There are still conservatives, and many of them, who are fiscal conservatives, limited-as-possible government types, and definitely still many who embrace the Constitution in principle and who don't view it as a set of "technicalities" to be ignored when inconvenient. They were *intended* to place restrictions and limits on the government's policing and warmaking powers, and especially on executive power. There are still conservatives who remember and understand that Congress is the only branch of government elected by the people and the only branch therefore that can speak as actual representatives of the people's views. There are still conservatives who support free trade and oppose subsidies (unlike the admin on both counts). And there are plenty who don't and haven't supported the war, as well. Thinking of the opposition to the war in "left/right" terms is a historical leftover that has a lot more to do with Vietnam days and the Cold War than anything happening today (when there isn't a left in any case).

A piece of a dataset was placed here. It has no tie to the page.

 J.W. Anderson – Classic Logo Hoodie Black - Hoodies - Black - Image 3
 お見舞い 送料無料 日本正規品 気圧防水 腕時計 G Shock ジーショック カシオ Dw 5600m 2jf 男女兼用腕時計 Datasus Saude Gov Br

There are plenty of conservatives who are opposed to the war and are on record for it, and also on record so far as the rest of those traditionally conservative positions go.

I happen to share nearly all of those positions, myself.

So do many, many Americans. But if people think they'll just jump on the dimocrit bandwagon whoever they put up, they're entirely wrong. And especially wrong if they think putting up "Hillary" will defeat them next time out. It won't. The people who think so are dealing in fantasy and clearly don't spend any time talking politics with people who don't think like they do. "Hillary" (what is she, Elvis or something, she has only a first name?) is very much loathed by a huge lot of Americans and there's a huge lot as well that don't view the Clinton years with nostalgia. (I'm one. I couldn't stand the guy to begin with and his absolutely savage policies toward handicapped people didn't help me loathe him any less). And in any case, "Hillary" in fact is on record as supporting many of the things most unpopular about the Bushists.

Trouble is today, too much, that technology has made it entirely possible for people to ignore political outlets they don't agree with. It renders them therefore ignorant of what other people who aren't like them are thinking and saying. Myself, I go the other way. I don't read or listen to things I agree with because I already know what I think, having a political philosophy and theory of history, and I don't find it anymore reinforcing to read others saying the same things I already think, as many apparently do, given the lecturing-to-the-converted aspect of nearly all advocacy journalism and political commentary.

We'd all be better off if we spent more time understanding our opponents' way of thinking and acting. Instead, we seem to act as if understanding one's opponent's positions and logic is the same thing as supporting them. It isn't. Never was.

But the simple fact is that you can't effectively oppose anything you don't understand. As the US is finding, for all of its firepower and bloodshed, in its wer'n'turror.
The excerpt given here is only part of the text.